Projections indicate cannabis jobs will outnumber traditional trades

Marijuana Business Factbook 2017 reported the American cannabis industry has created more than 165,000 to 230,000 full-time and part-time jobs, outnumbering those in positions like chefs, commercial pilots, fishermen, and loggers.

This information contradicts earlier worries that the industry would cause more harm than good, while job growth is estimated by the Bureau of Labor Statistics to outgrow manufacturing and government jobs by 2020.

These numbers include retail employees, growers, labs, product distributors, and ancillary businesses that make up the cannabis industry’s workforce. The data was additionally compared to industry careers that show jobs like bakers, dental hygienists, massage therapists, and coal miners with lower worker counts than those in the legal cannabis industry.

In 2016, the legal cannabis market was estimated to be worth $7.2 billion and is projected to climb at a compound annual rate of 17 percent.

New Frontier Data projects the worth of the market to jump from $4.7 billion to $13.3 billion, while social cannabis sales are estimated to jump from $2.6 billion to $11.2 billion. These results are a projection from 2016 to 2020.

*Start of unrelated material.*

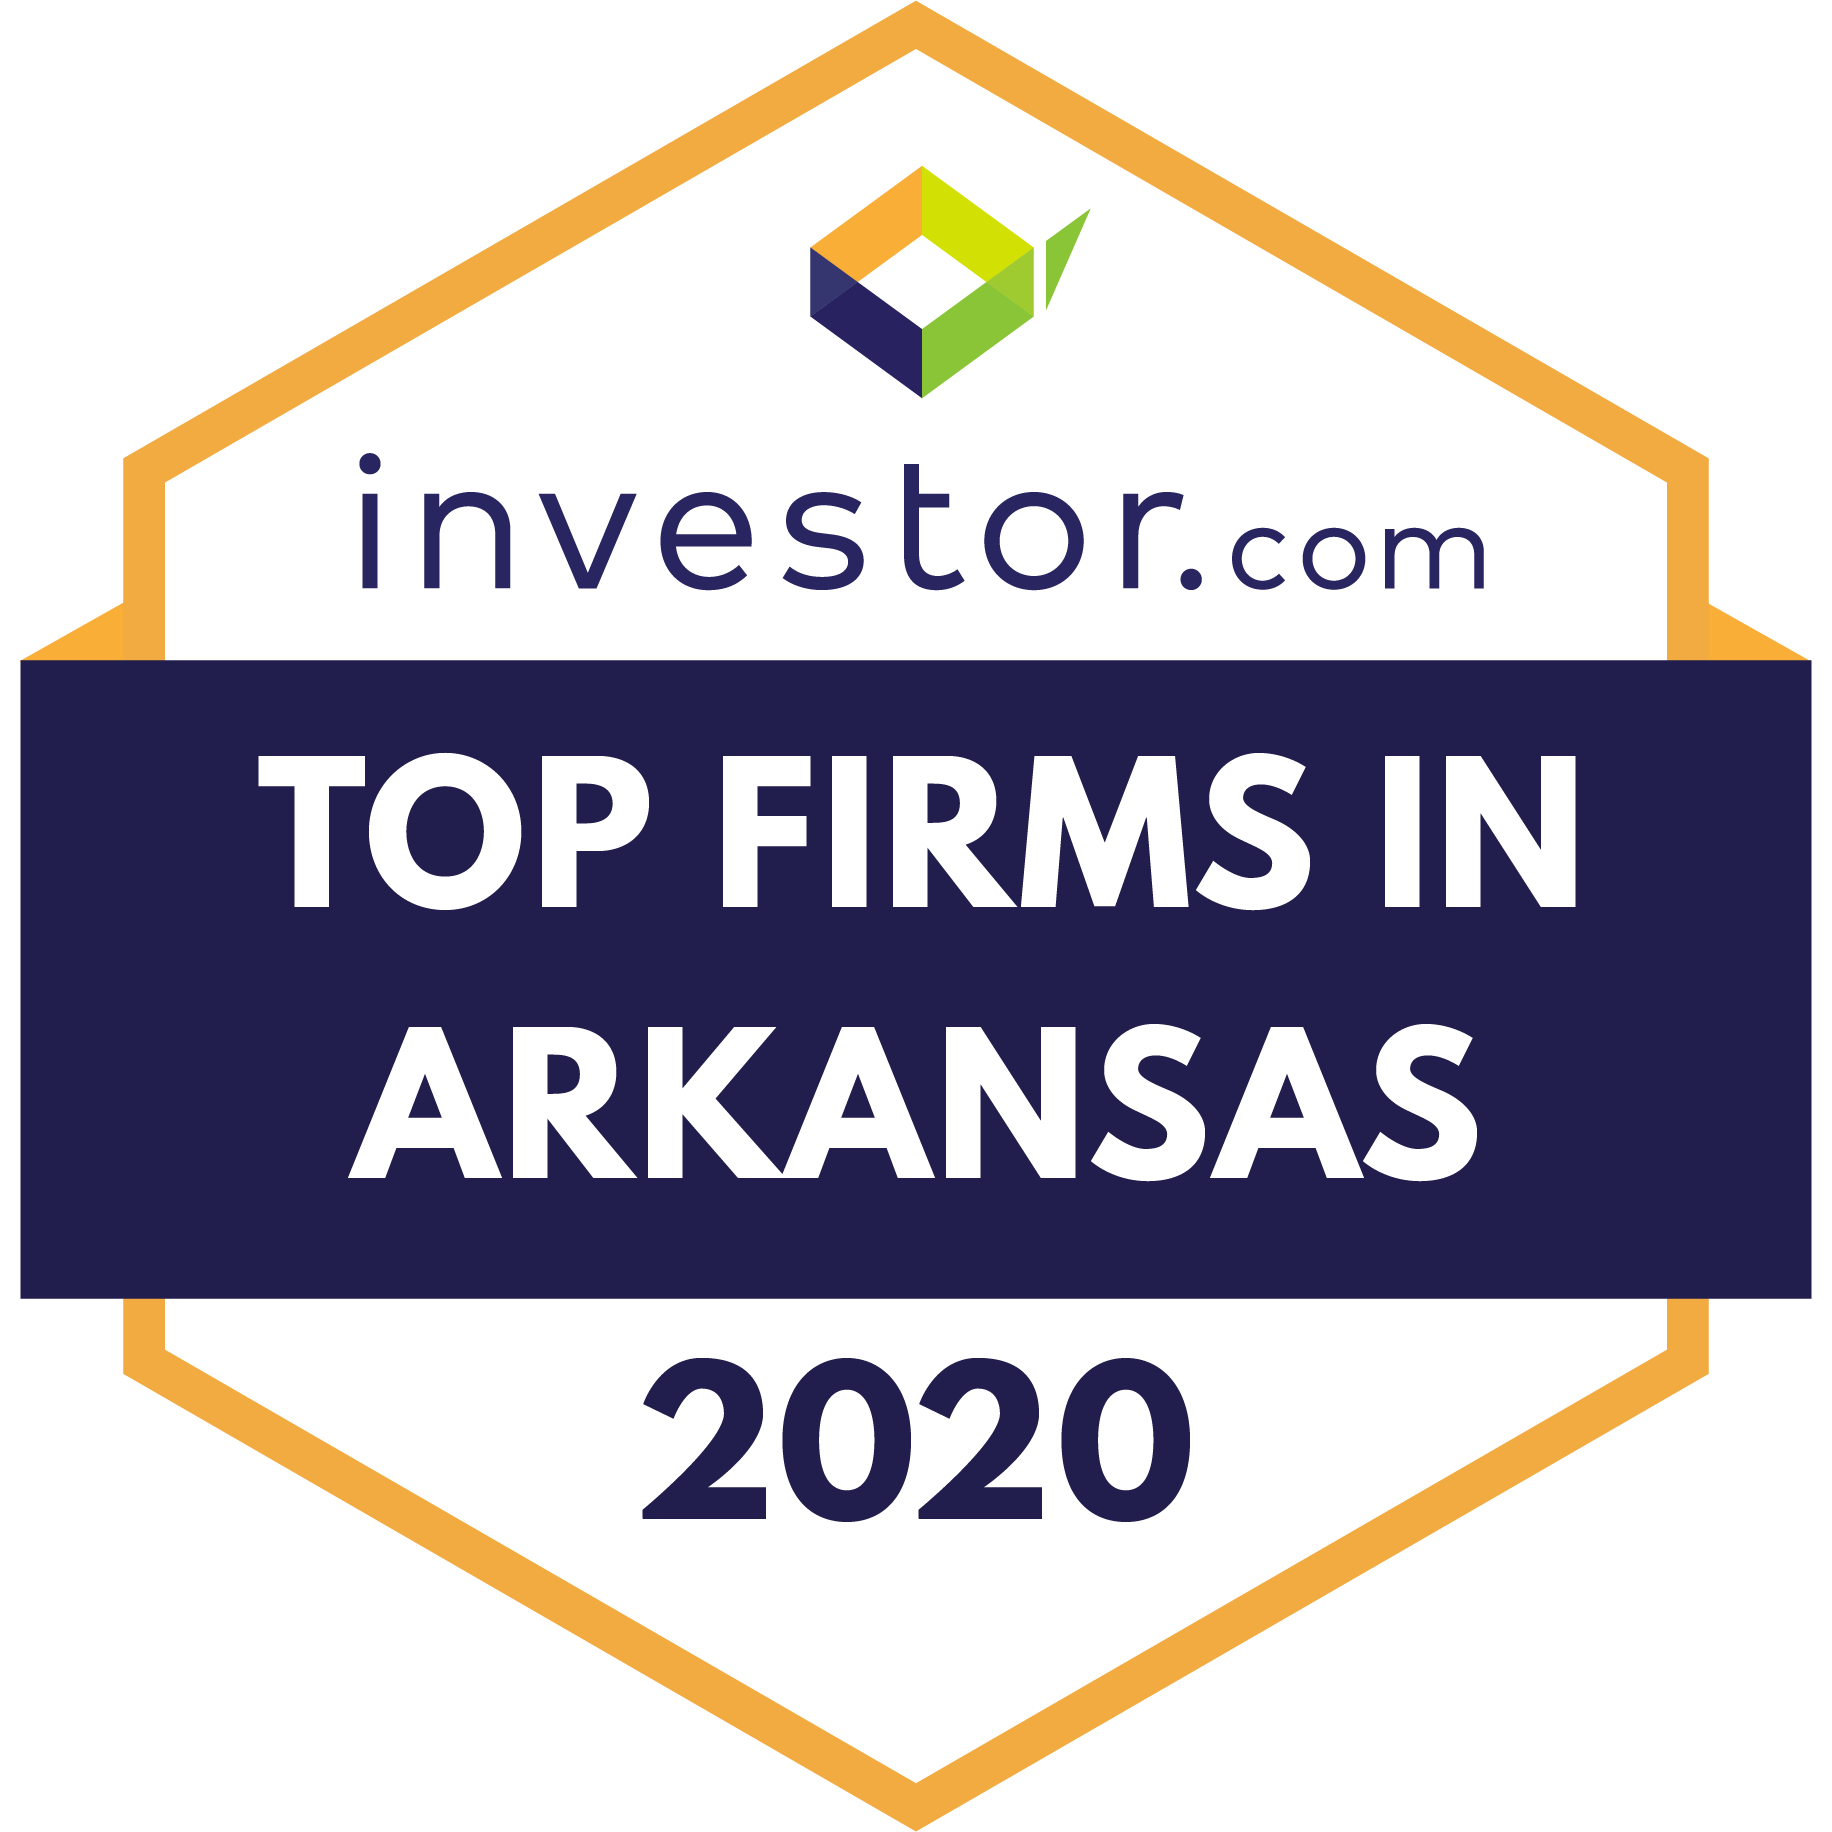 Inverstor.com Top Firms In Arkansas

“We expect the cannabis industry’s growth to be slowed down to some degree in the next three to five years,” Giada Aguirre De Carcer, founder and CEO of New Frontier Data told Forbes.  

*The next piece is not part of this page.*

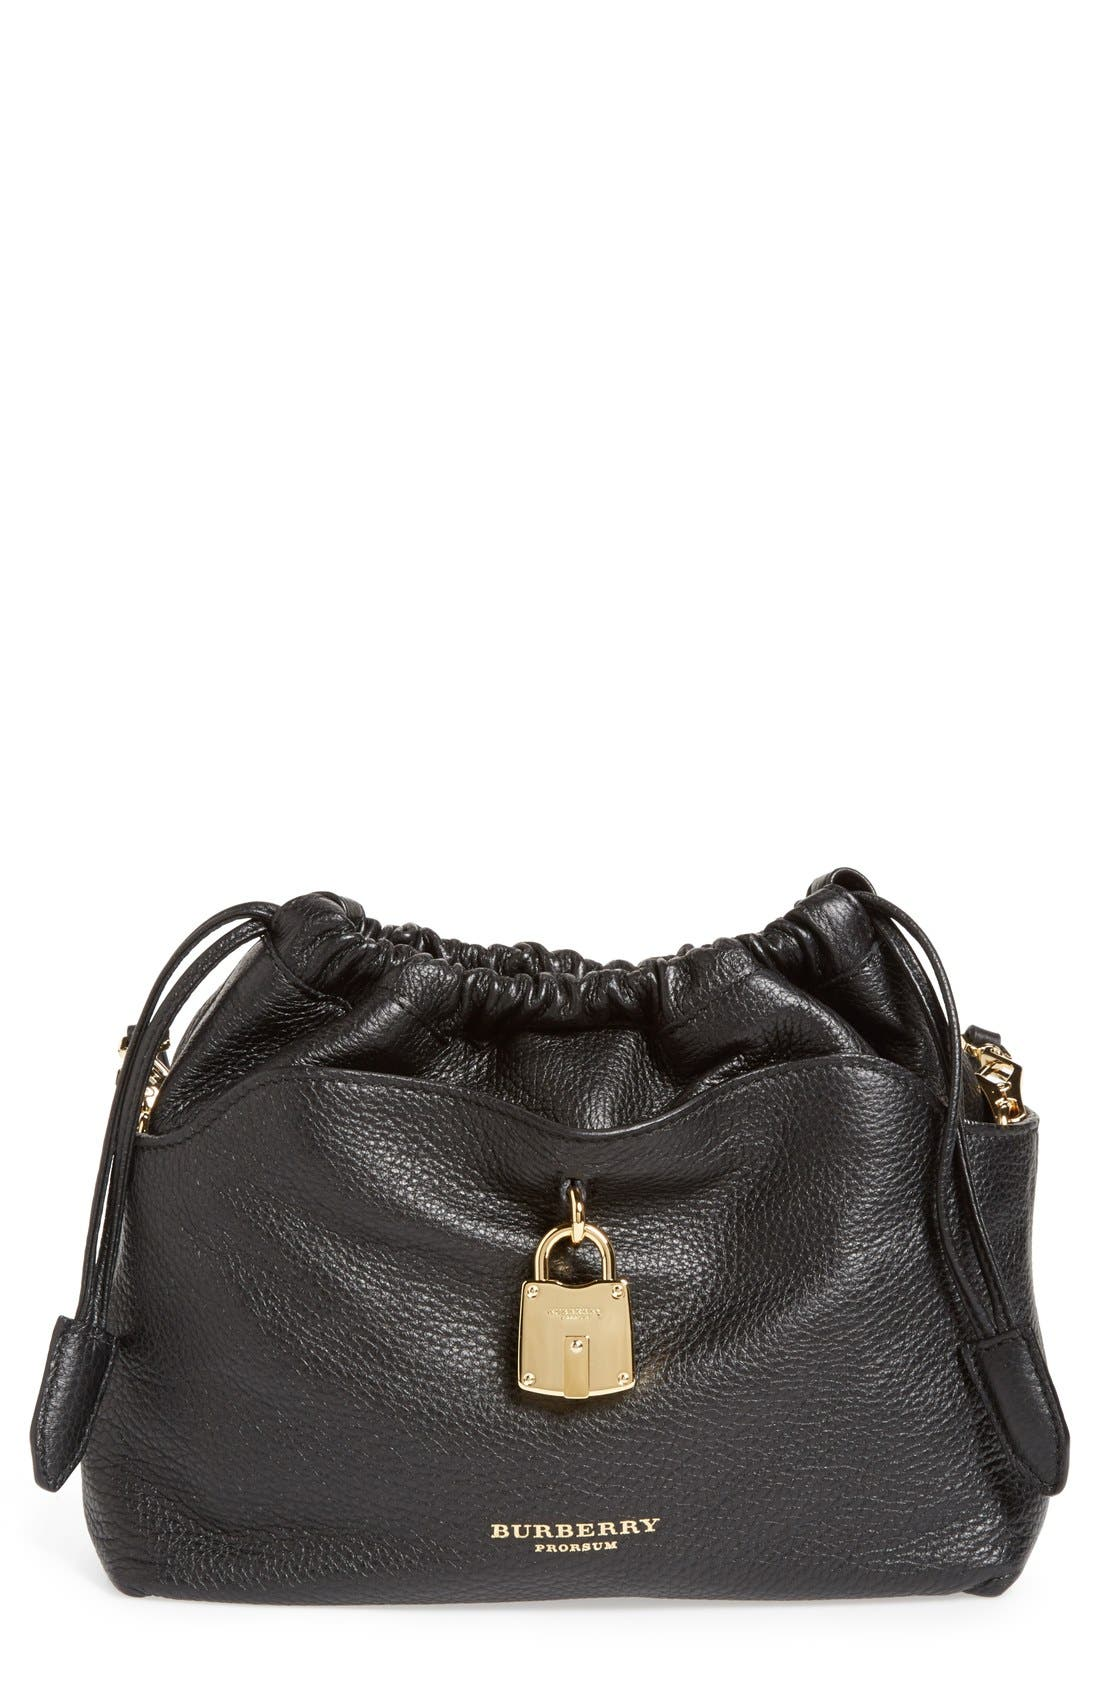 Main Image - Burberry 'Little Crush' Crossbody Bag

“However with projected total market sales to exceed $24 billion by 2025, and the possibility of almost 300,000 jobs by 2020, it remains a positive economic force in the U.S.” she added

In perspective, the majority of jobs in the legal cannabis industry are concentrated on smaller operations that normally need only a handful of employees.

With legalization happening state-by-state, cannabis corporations hiring large groups of people are still scarce until decriminalization takes place.